The lower Appeal’s Court refused to provide a written ruling, Klayman appealed but his notice is now interpreted as a petition for writ of mandamus… Of course, Klayman’s filings failed to meet the requirements for such a petition.
Petitioner’s notice [of appeal], filed in this Court on March 12, 2013, has been treated as a petition for writ of mandamus seeking reinstatement of the proceedings in the district court of appeal below [1D12-3489]. Petitioner is allowed to and including April 29, 2013, in which to file a proper petition for writ of mandamus; that complies with Florida Rule of Appellate Procedure 9.100, addressing why the proceedings in the district court of appeal should not have been dismissed. The failure to file a proper petition with this Court within the time provided could result in the imposition of sanctions, including dismissal of this case. See Fla. R. App. P. 9.410. Please understand that once this case is dismissed, it may not be subject to reinstatement.

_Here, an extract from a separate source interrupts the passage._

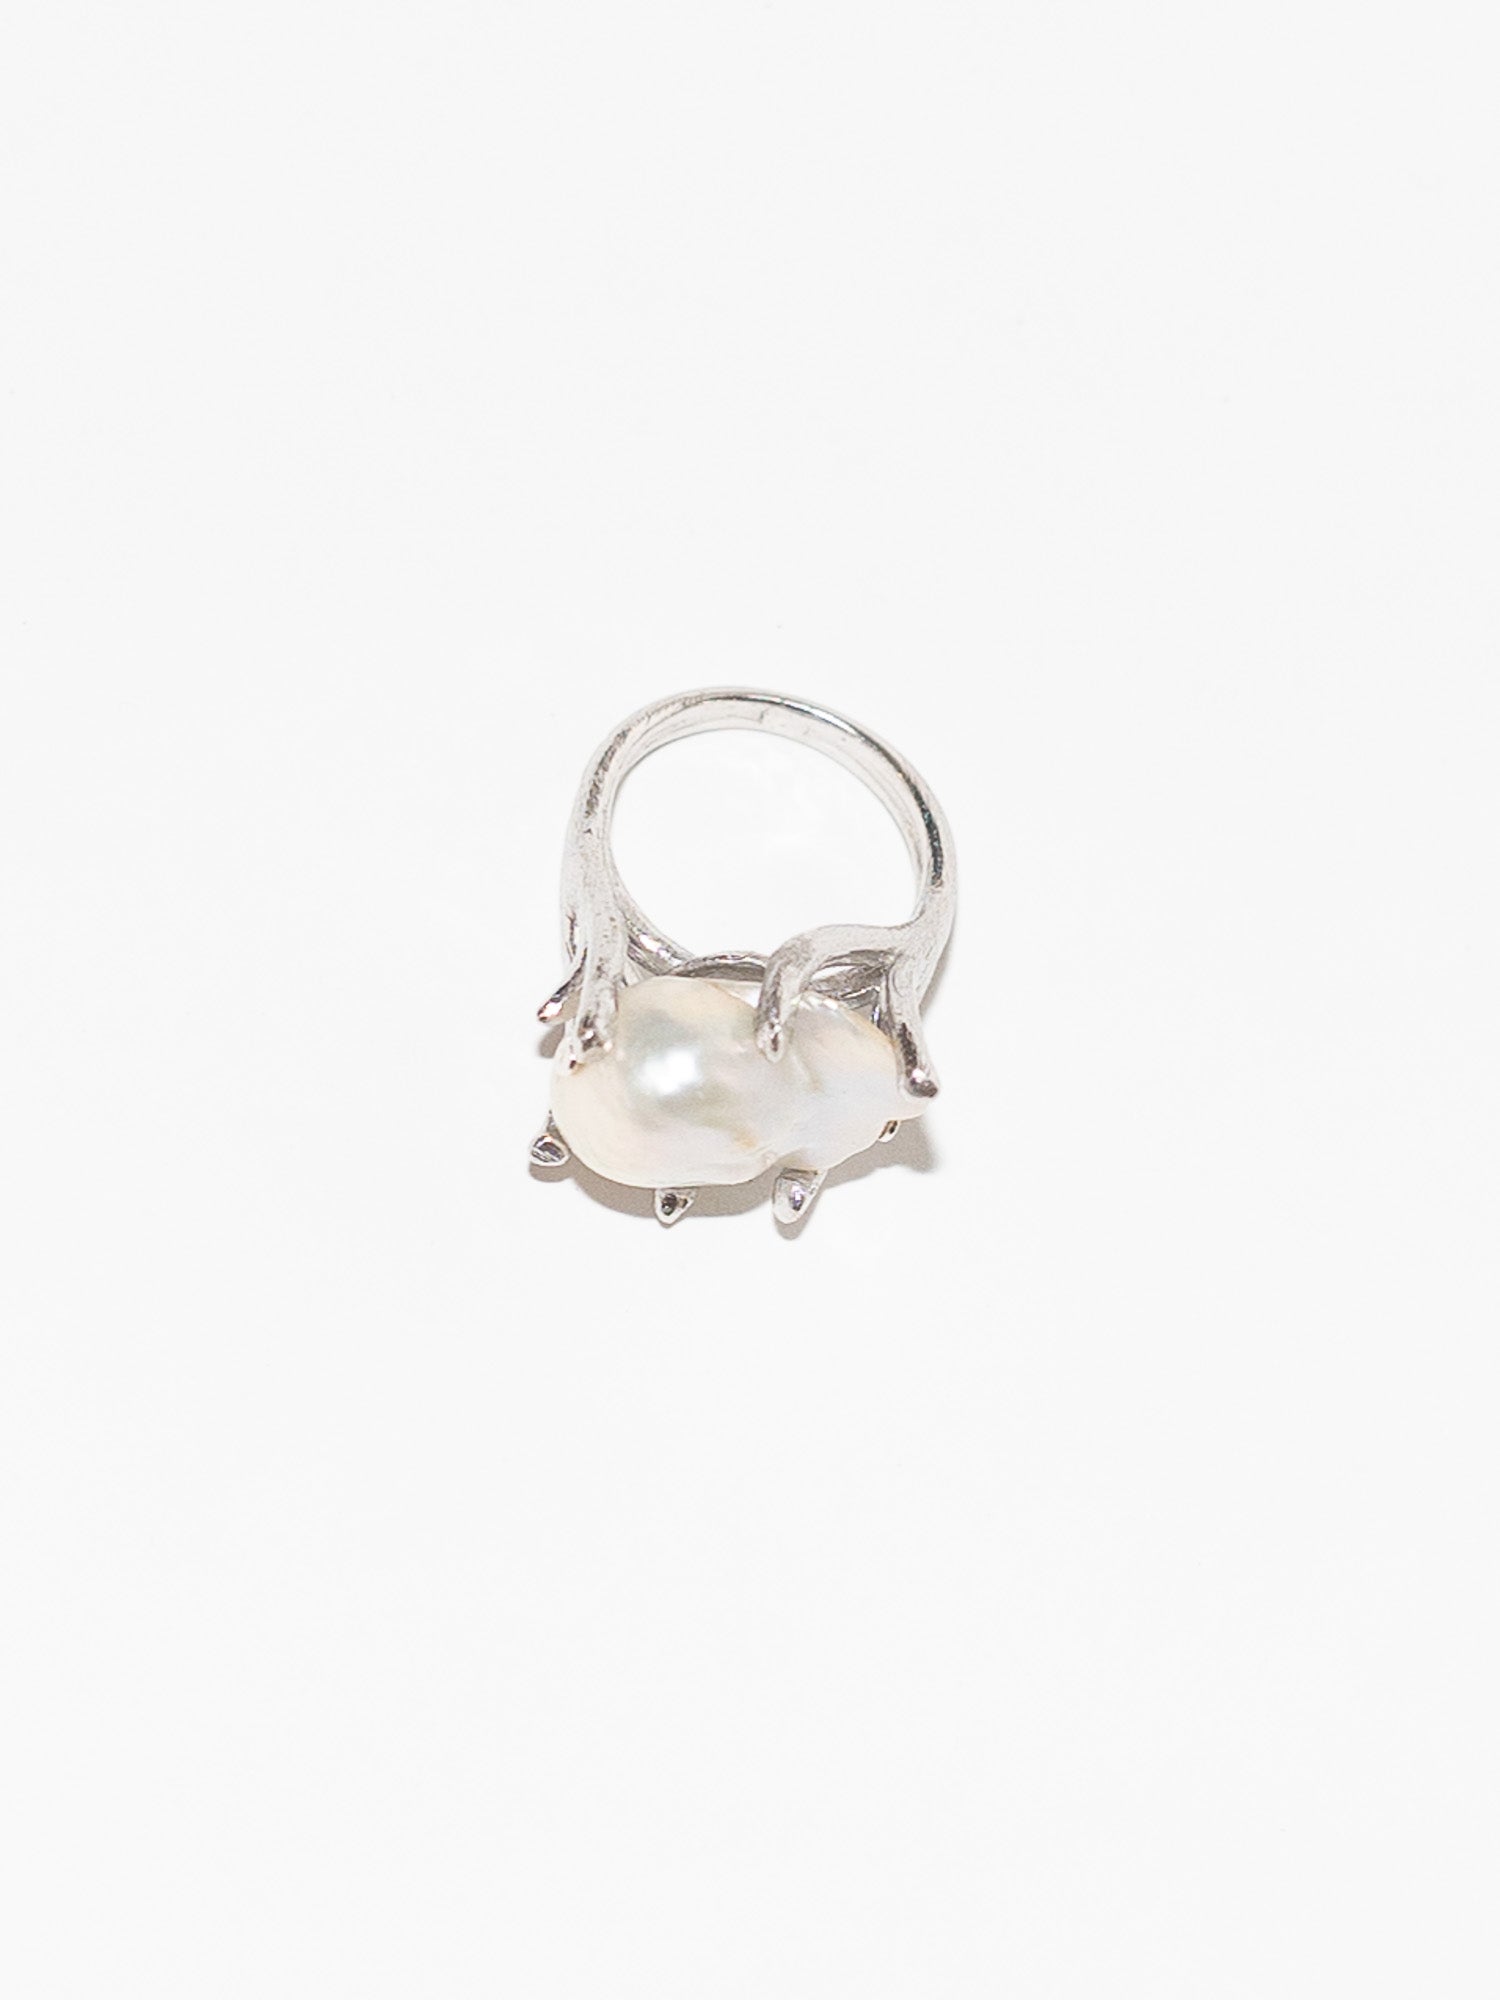 BAROQUE PEARL AND SILVER RING
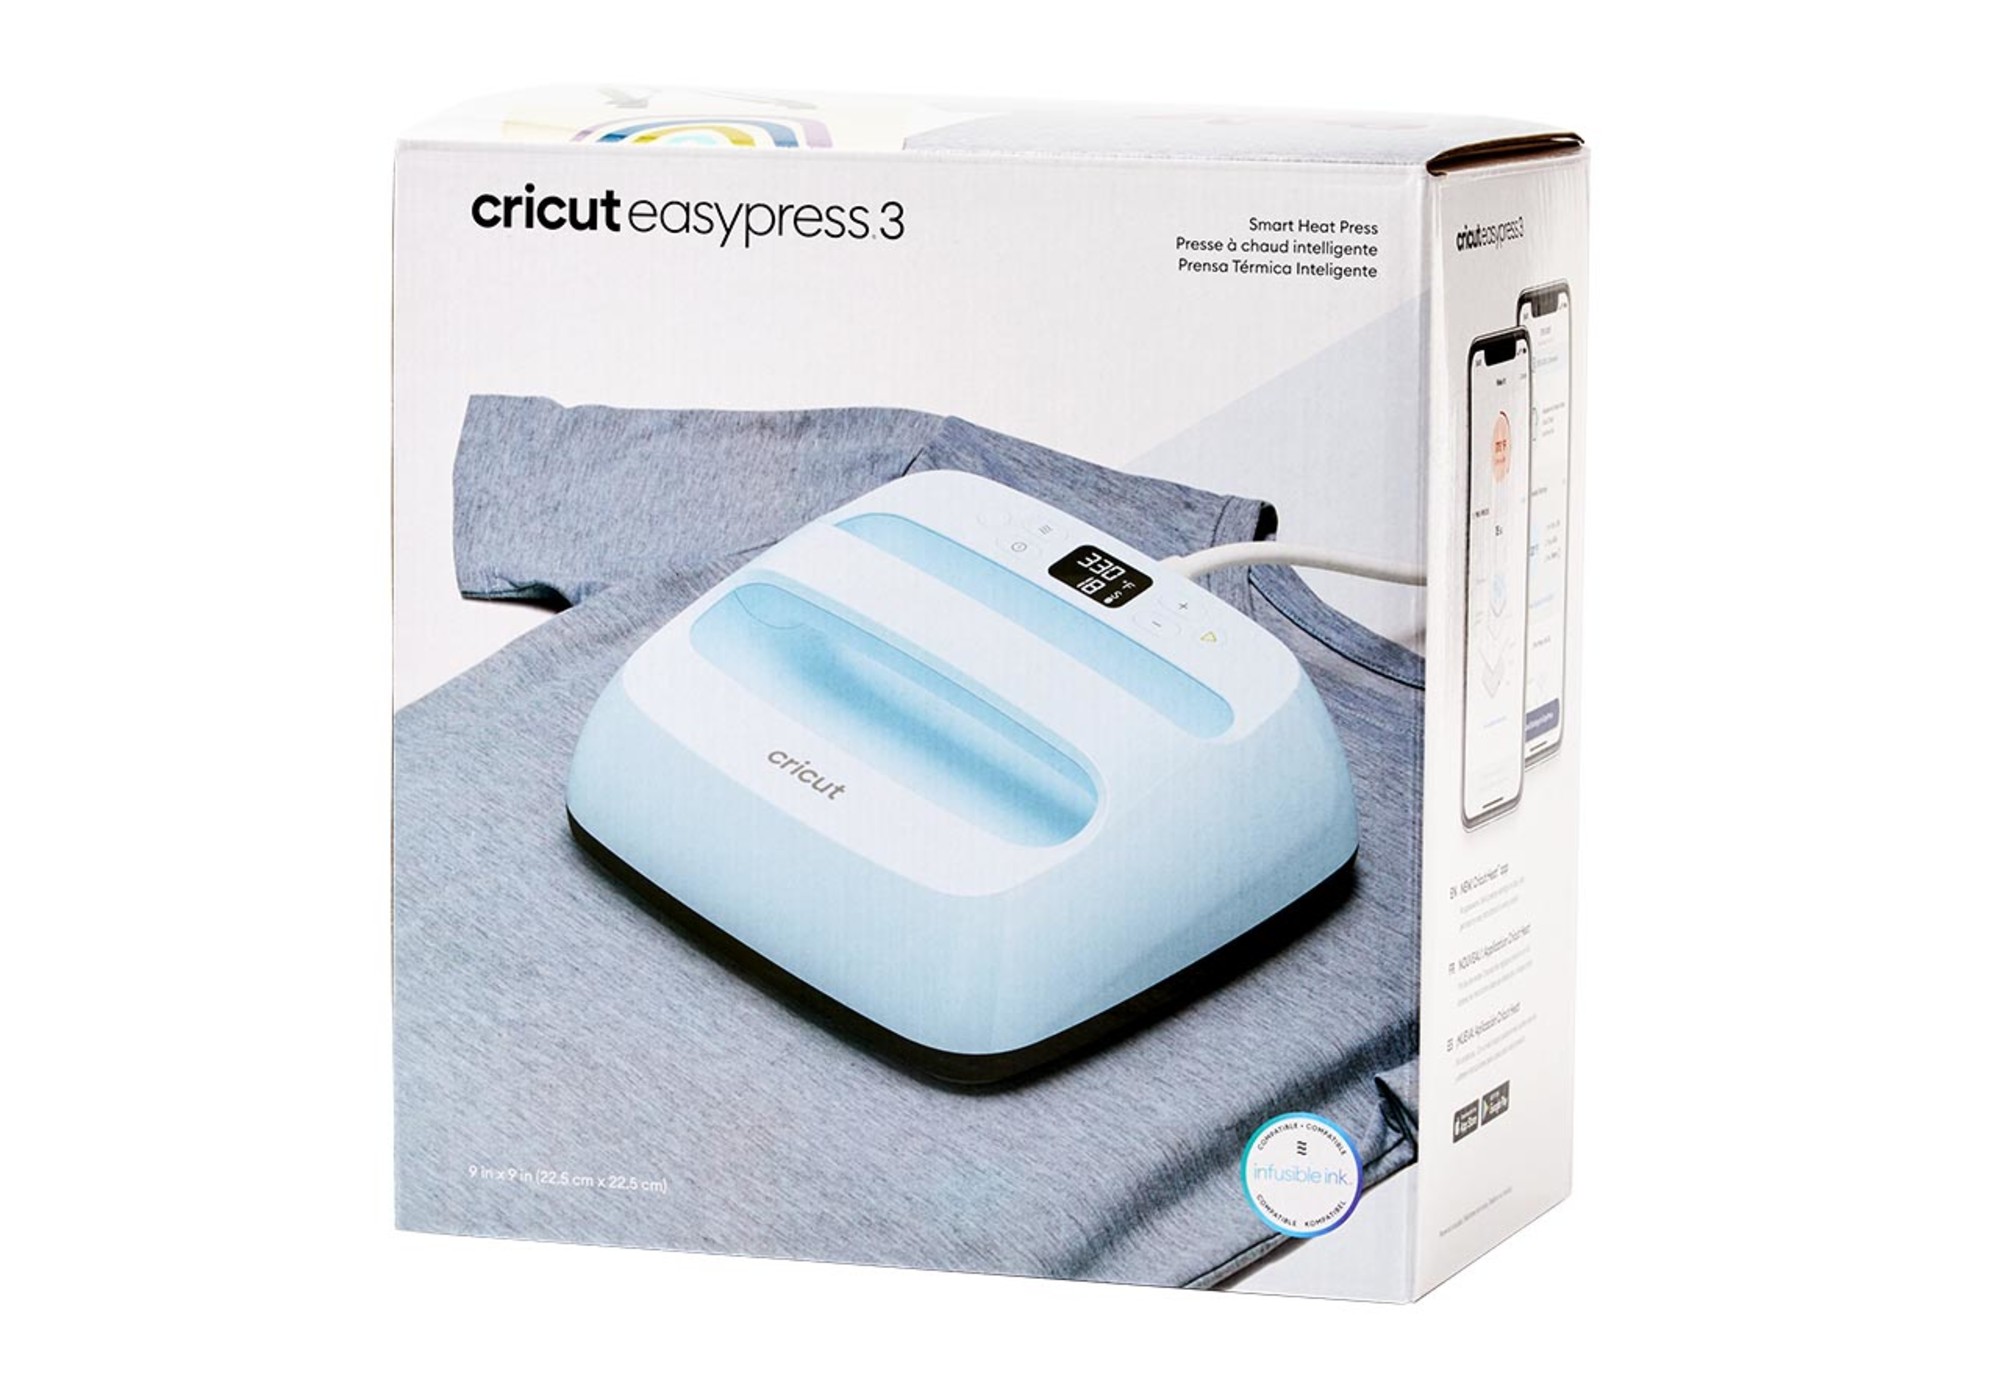 Cricut EasyPress 3 - 9 in x 9 in - Bluetooth-Enabled Handheld Heat Press - image 3 of 11

Since Klayman has filed various cases in Florida, it’s time to unravel which one is which:
The supreme court case: Case Number: SC13-560 Lower Tribunal Case(s): 1D12-3489, 2012-CA-00467
Klayman was of course ‘outraged’ by the lower Court’s affirmance and pulled out ‘all stops’
Filed 2/28/2012. The criminals are trying to shut me down at the Fla. Appeals level by issuing a “per curium affirmance” of the lower court, which basically allows the Fla. judiciary to shut down dissent by issuing no written opinion– thus there is no basis for appeal. Florida rule of Appellate procedure 9.330(a) allows for a motion for a written opinion under strict guidlines (which I have followed to a T) [Or so he claims…].
As far as I can tell Klayman forgot this part of rule 9:330
A response may be served within 10 days of service of the motion. When a decision is entered without opinion, and a party believes that a written opinion would provide a legitimate basis for supreme court review, the motion may include a request that the court issue a written opinion. If such a request is made by an attorney, it shall include the following statement:
I express a belief, based upon a reasoned and studied professional judgment, that a written opinion will provide a legitimate basis for supreme court review because (state with specificity the reasons why the supreme court would be likely to grant review if an opinion were written).
(Name of party)
(address and phone number)
(Florida Bar number)
Of course, it is a petition to rehear and the Court can just deny to do so. Given that they ruled the issue moot, I doubt that there was much of a compelling reason to write an opinion that could be appealed to the Florida Supreme Court.
This motion will solidify my cause of action all the way to the Supreme Court. If they do not issue a written opinion I will appeal directly there. If they do issue a written opinion, then I can use that opinion to appeal to the Fla. Supreme Court. They are in a quandry, as I caught Judge Terry Lewis in a very big lie, and their written opinion will have to approve of that lie— that Florida election statutes do not apply to presidential elections [It’s not a lie, Judge Terry Lewis was speaking about the primary elections]—The FloridaSupreme Court ruled in 2000 that they SPECIFICALLY AND EXPLICITLY do apply (Palm Beach Co. Canvassing v. Harris (2000)). As such I have a constitutional complaint that the Florida judiciary has violated my due process and equal protection rights, as well as violating their own laws and the Federal law of US Code 3 section 5, by not adjudicating my case with finality (which in Florida is viewed as a judgment by the district appealscourt) by 6 days prior to the meeting of electors. The appeals court had my appeal in July, yet they waited till 2 months after the meeting of electors to dispense of my case.
To understand why Klayman failed, read Appendix A, which contains the ruling by Judge Lewis.
Why Klayman filed an appeal with the FL Supreme Court is beyond me as there was no written opinion.